- Theatrical release poster
- Directed by: Mitchell Gabourie
- Screenplay by: Mitchell Gabourie Richard Gabourie Gordon McDonald Dean Gabourie
- Produced by: Richard Gabourie
- Starring: Jeff Schultz Laura Cruickshank Page Fletcher Leslie Toth Dean Stockwell
- Cinematography: Manfred Guthe
- Edited by: Michael Todd
- Music by: David Krystal
- Production company: Louis George
- Distributed by: MGM/UA Communications Co. (through United Artists)
- Release dates: December 2, 1988 (Canada); May 12, 1989 (United States);
- Running time: 103 minutes
- Country: Canada
- Language: English

= Buying Time =

Buying Time is a 1988 Canadian action film directed by Mitchell Gabourie and written by Mitchell Gabourie, Richard Gabourie, Gordon McDonald and Dean Gabourie. The film stars Jeff Schultz, Laura Cruickshank, Page Fletcher, Leslie Toth and Dean Stockwell.

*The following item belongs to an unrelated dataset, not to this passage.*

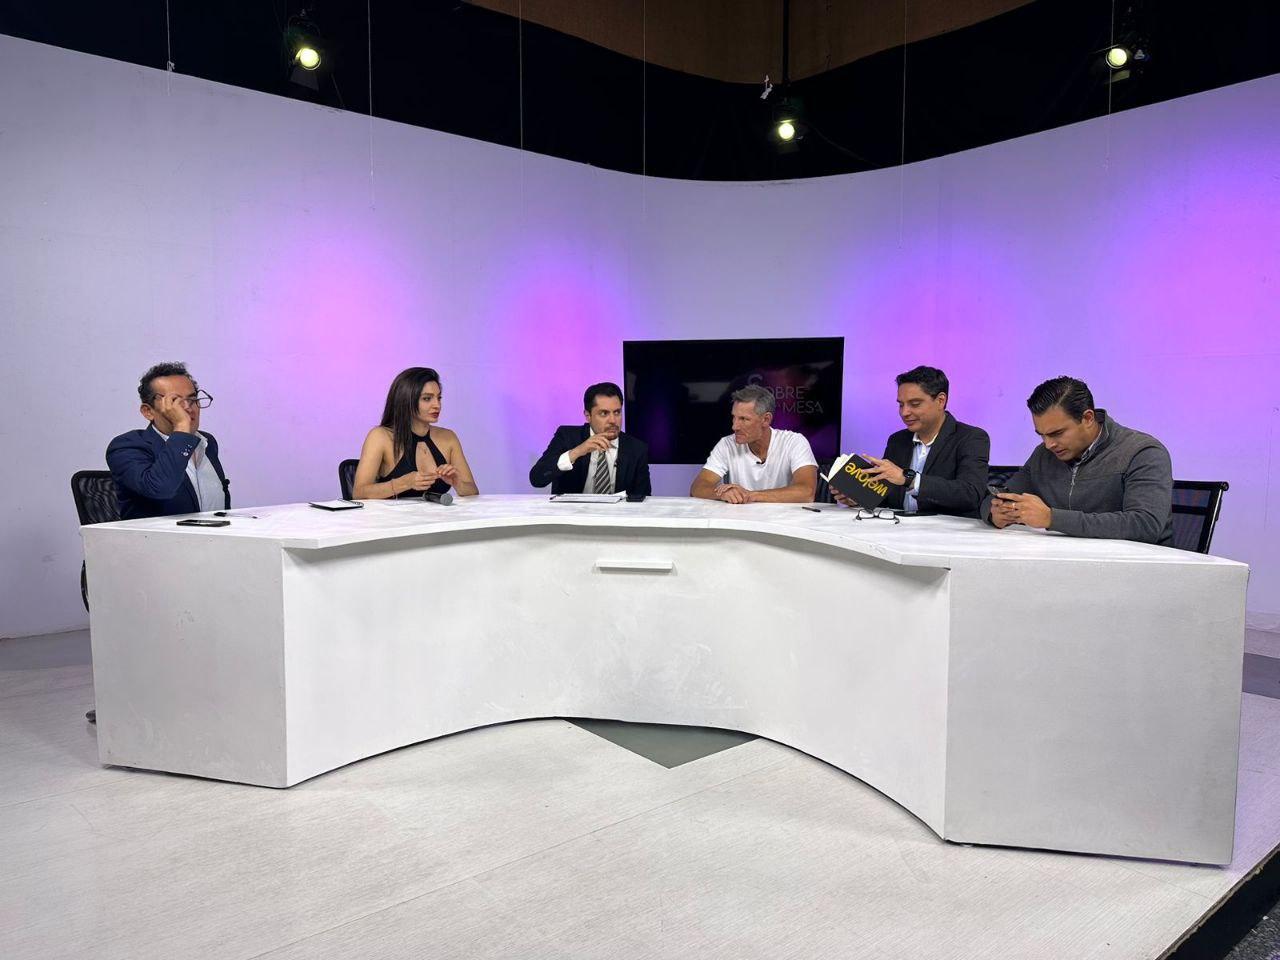 Serie de especiales televisivos que celebran el orgullo hidalguense. En una apuesta por resaltar la riqueza cultural, deportiva y gastronómica hidalguense, Radio y Televisión de Hidalgo
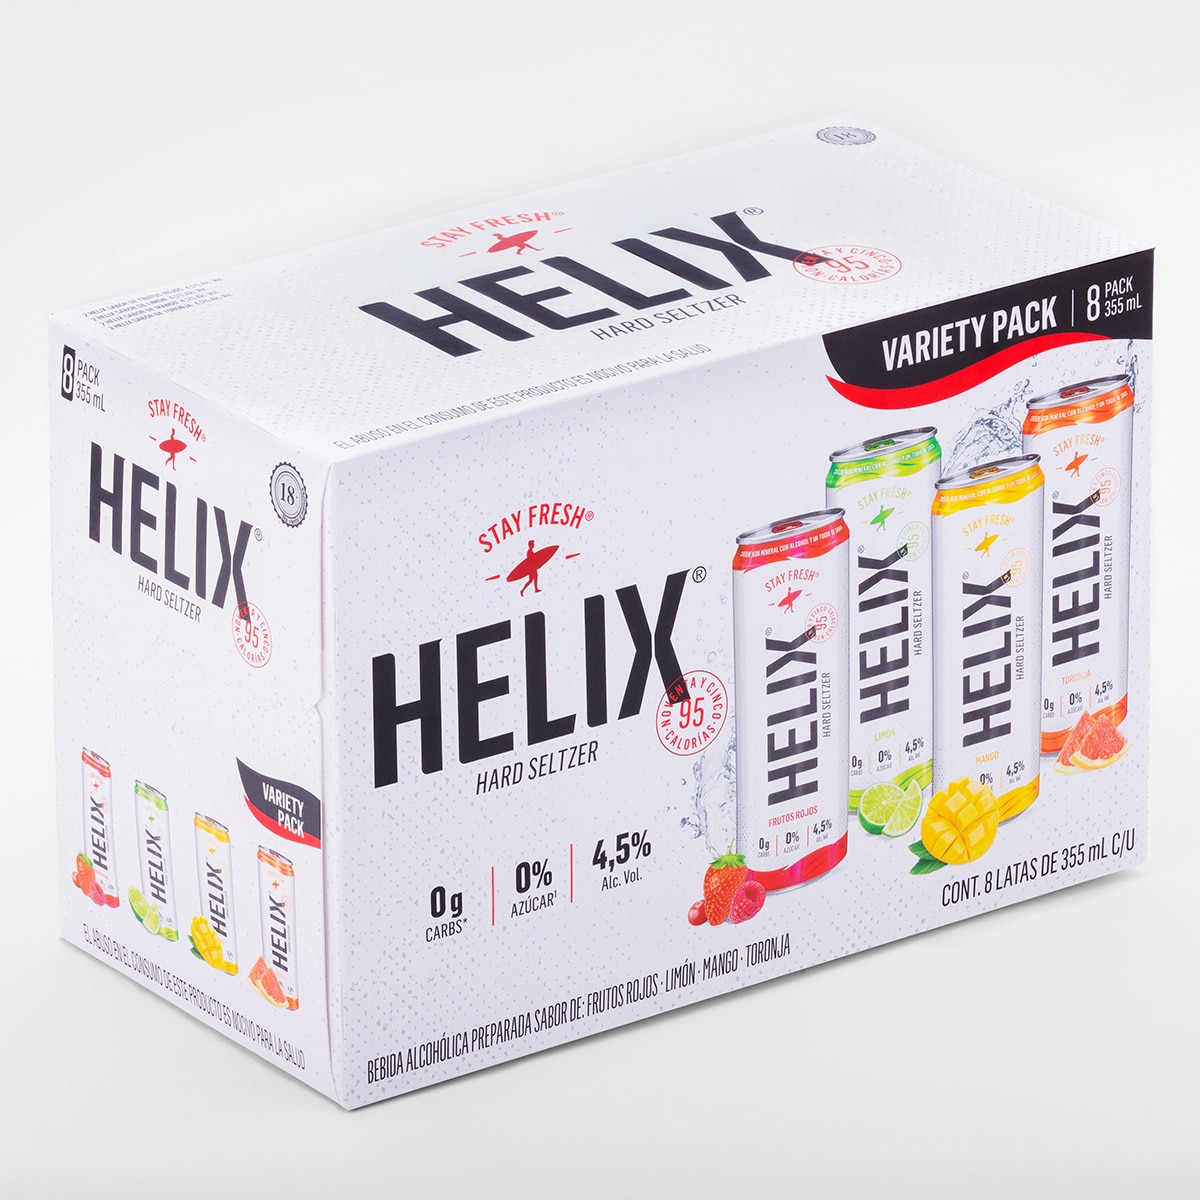 Hard Seltzer Helix 8/355 ml

The film was released on May 12, 1989, by United Artists.

==Plot==
A low-budget crime drama set in Toronto concerning a couple of likable petty thieves, Jabber and Reno (Jeff Schultz and Leslie Toth), who are forced by the police (Dean Stockwell) to go undercover to discover who is killing the city's drug dealers.